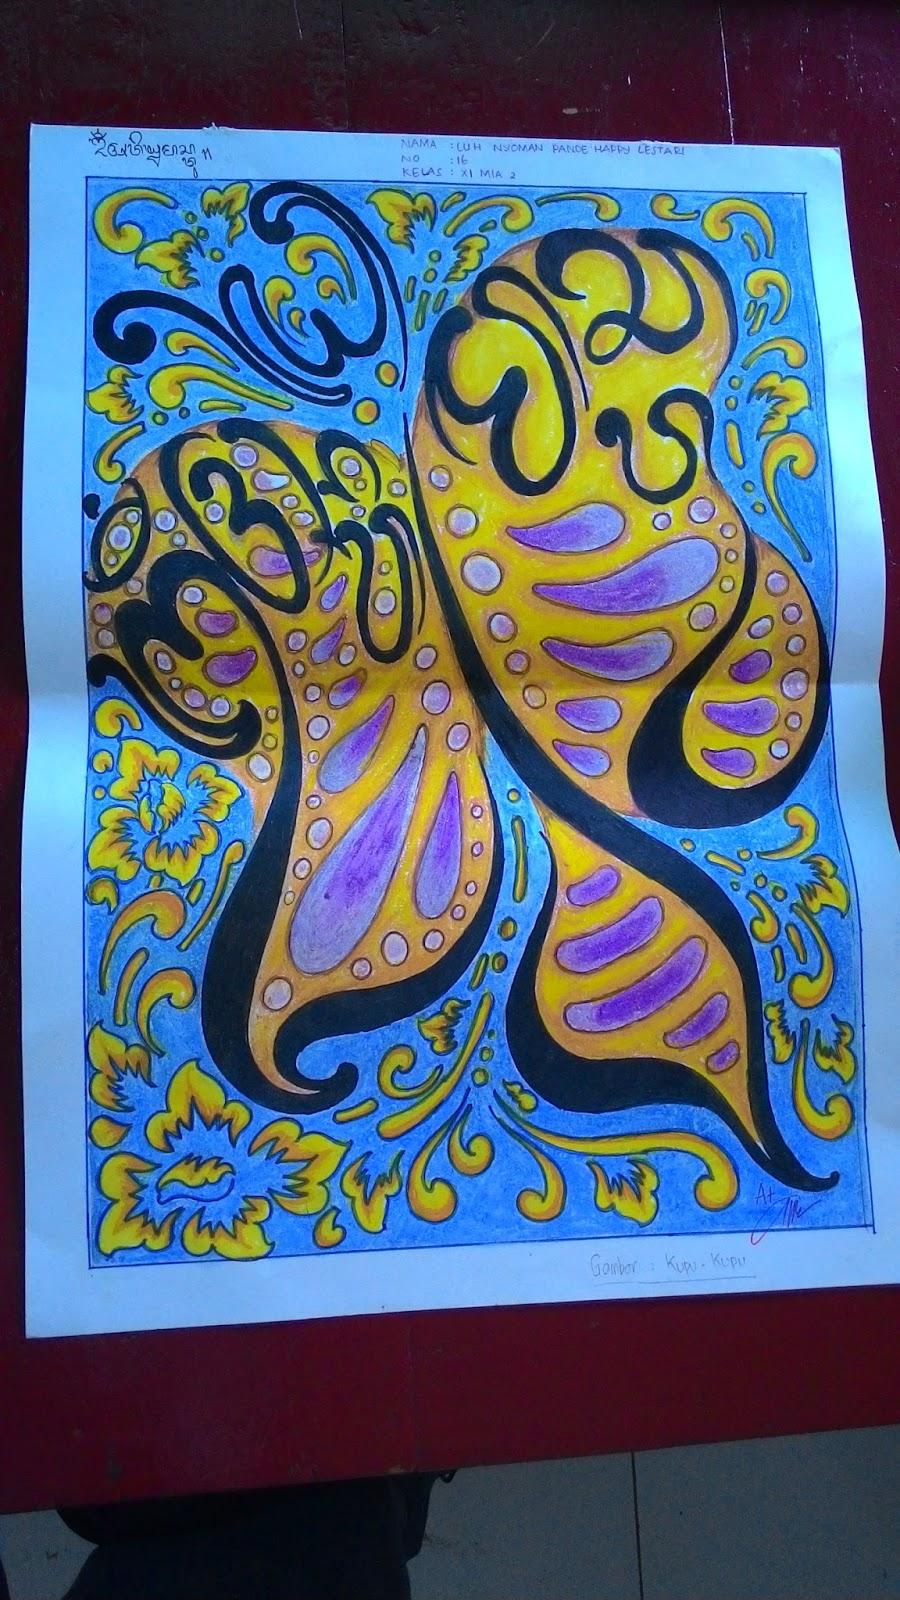 Kaligrafi Indah Aksara Daerah Koas Kaos Jawi
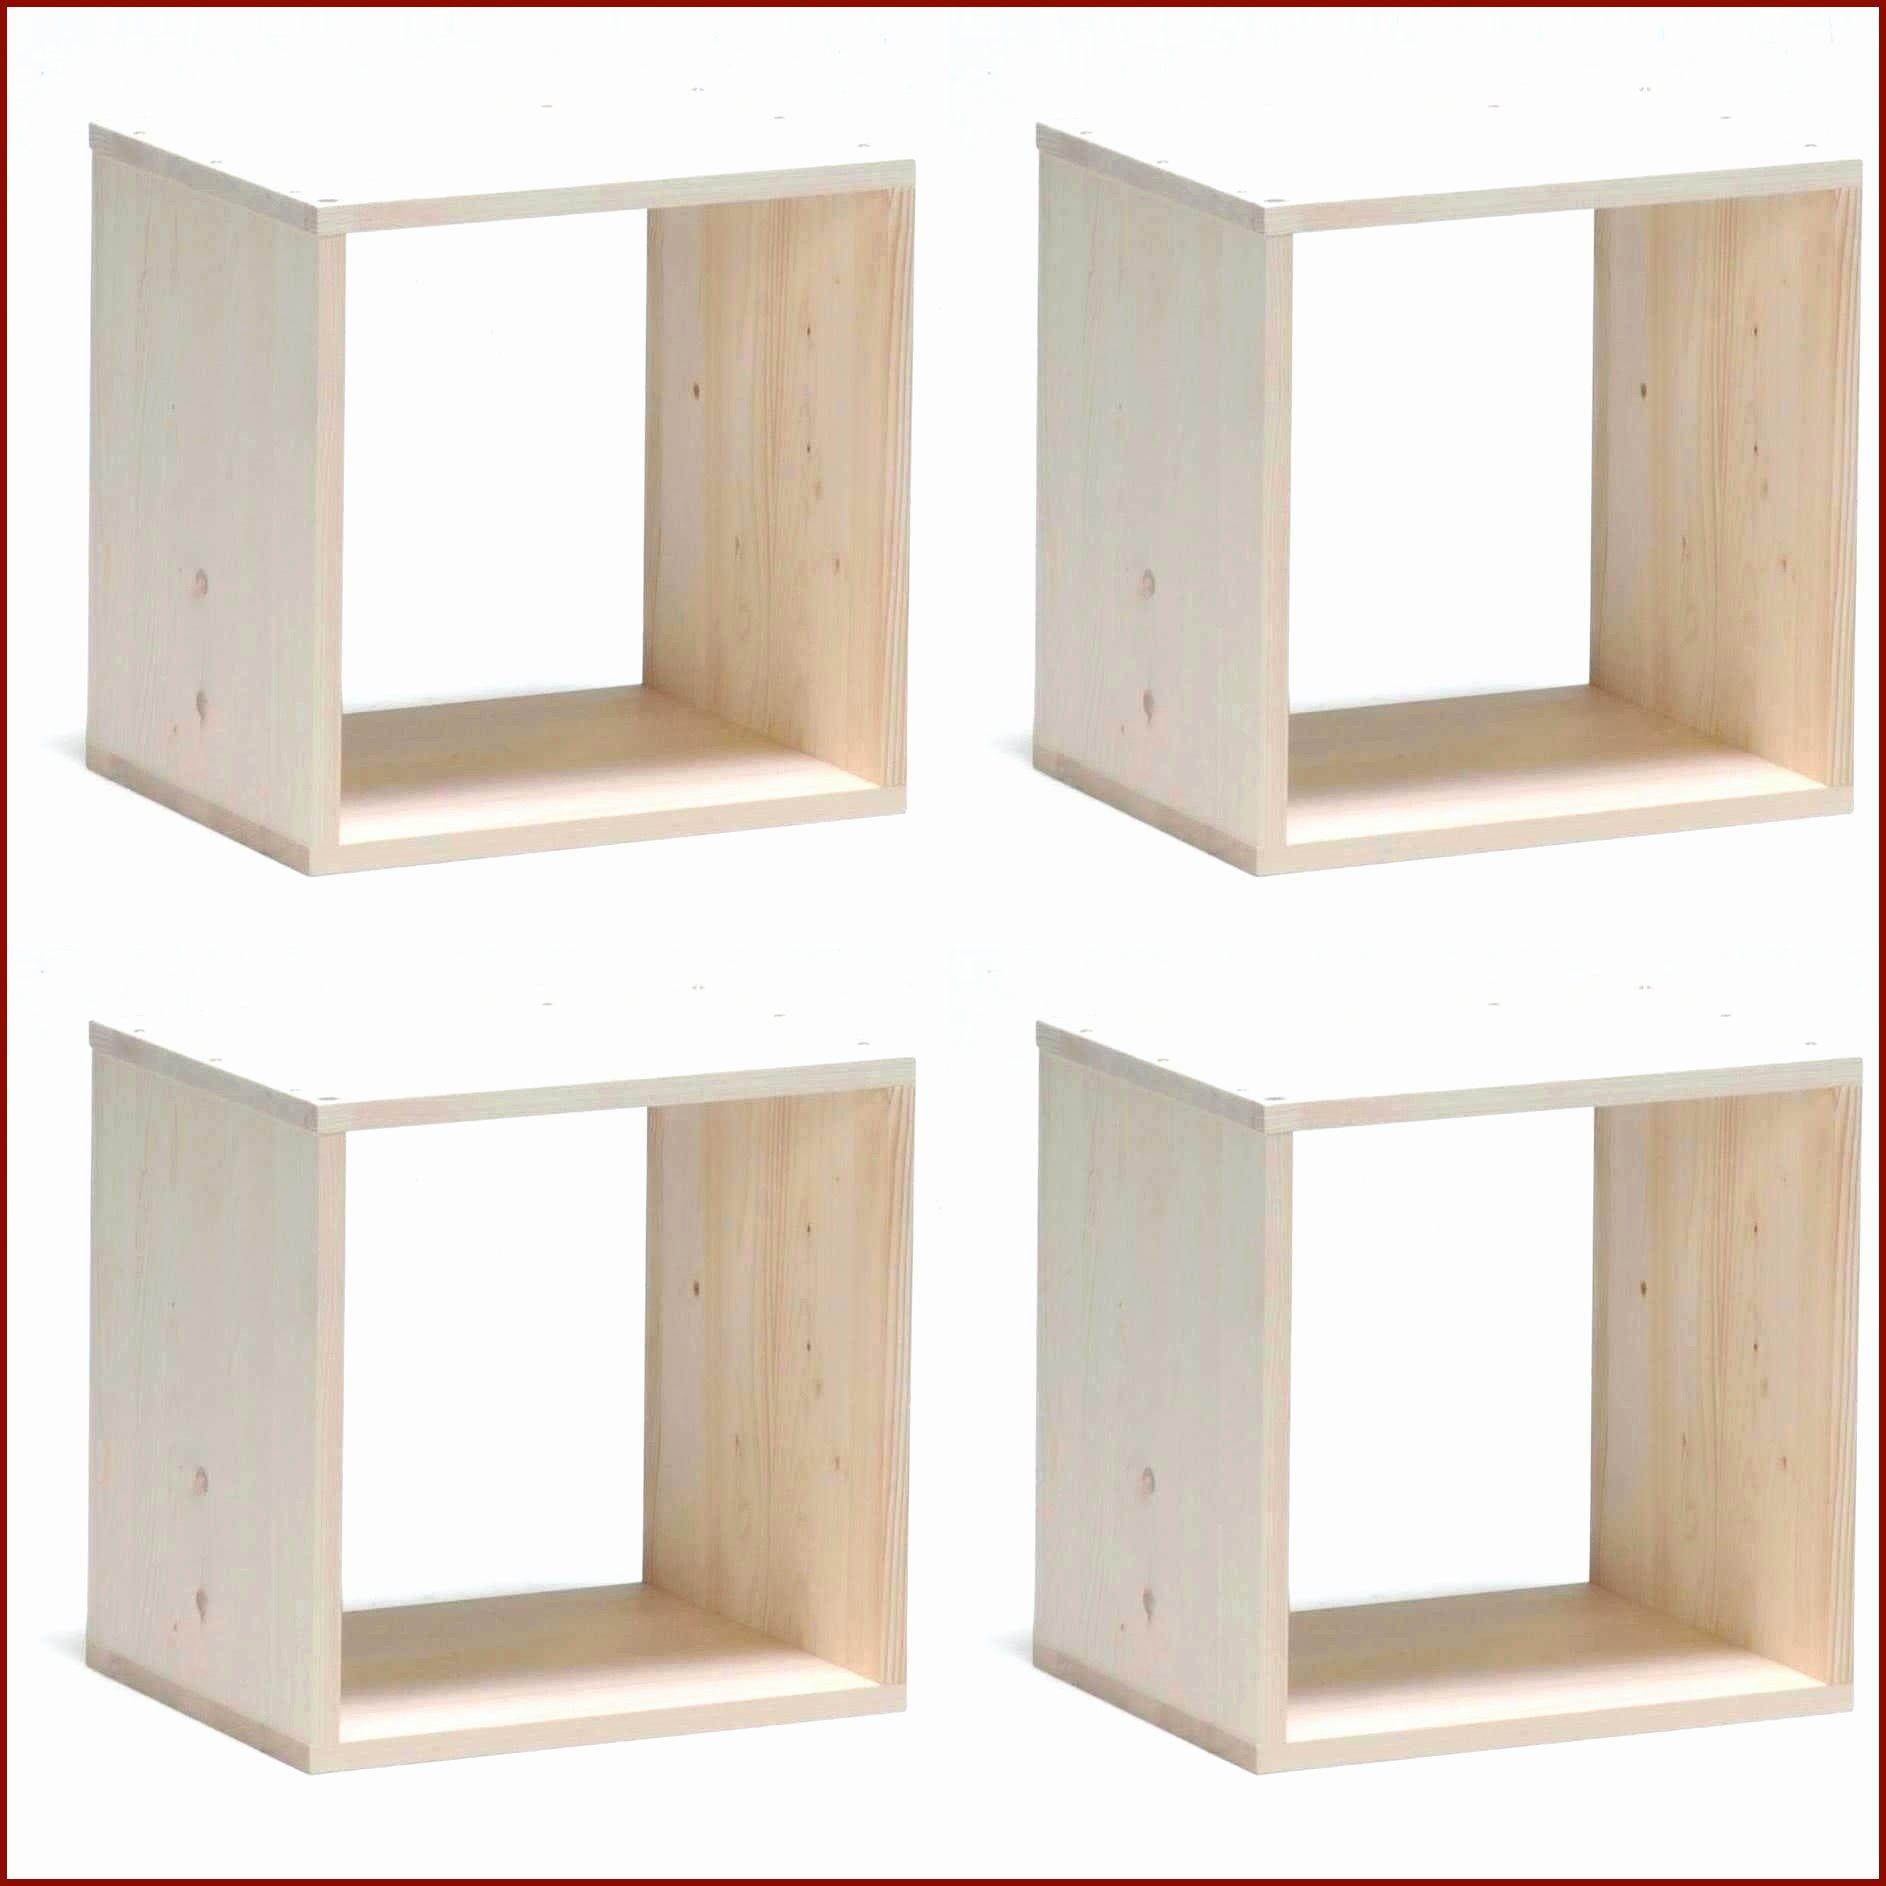 Lit En Bois Pliant Ikea Joli Bureau Pliant Ikea Unique Table Pliable Ikea New Lit En Bois Pliant
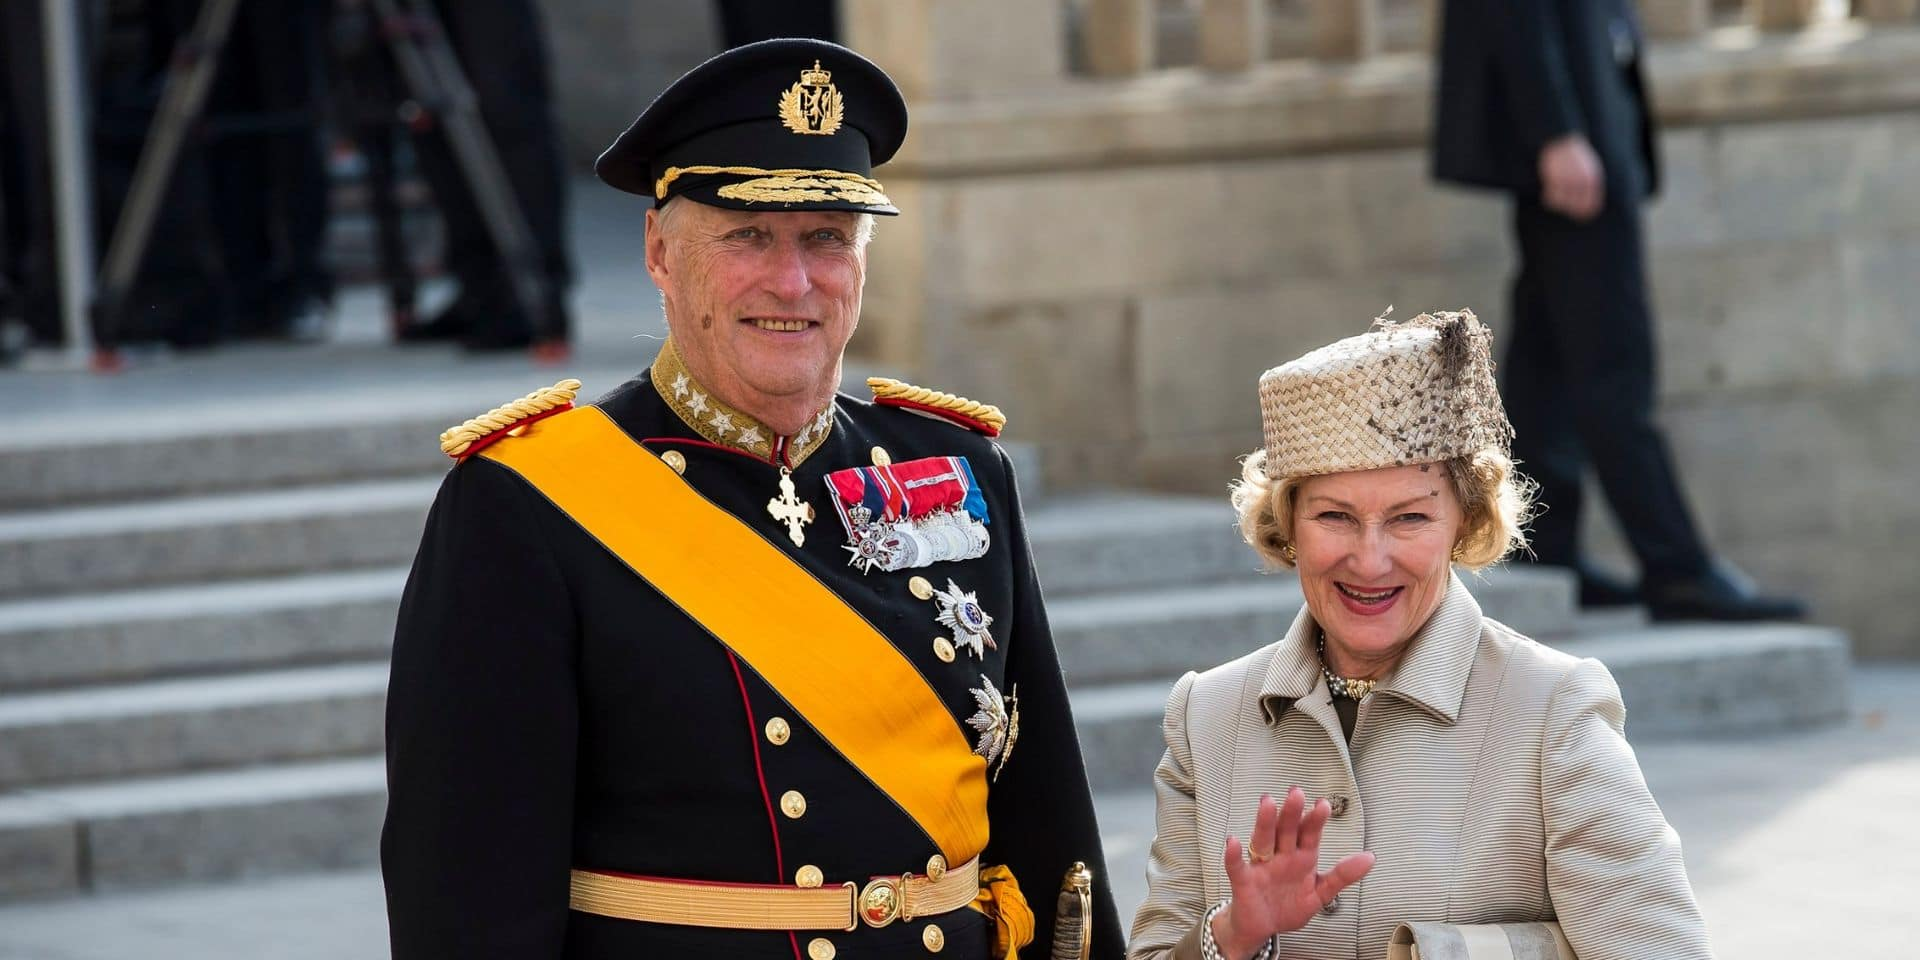 Le Roi de Norvège admis à l'hôpital
---------------
* [What is expected]
When copying, output the data exactly and leave out the pictures.

* [Task response]
 Kaligrafi Indah Aksara Daerah Koas Kaos Jawi
 Lit En Bois Pliant Ikea Joli Bureau Pliant Ikea Unique Table Pliable Ikea New Lit En Bois Pliant
 Le Roi de Norvège admis à l'hôpital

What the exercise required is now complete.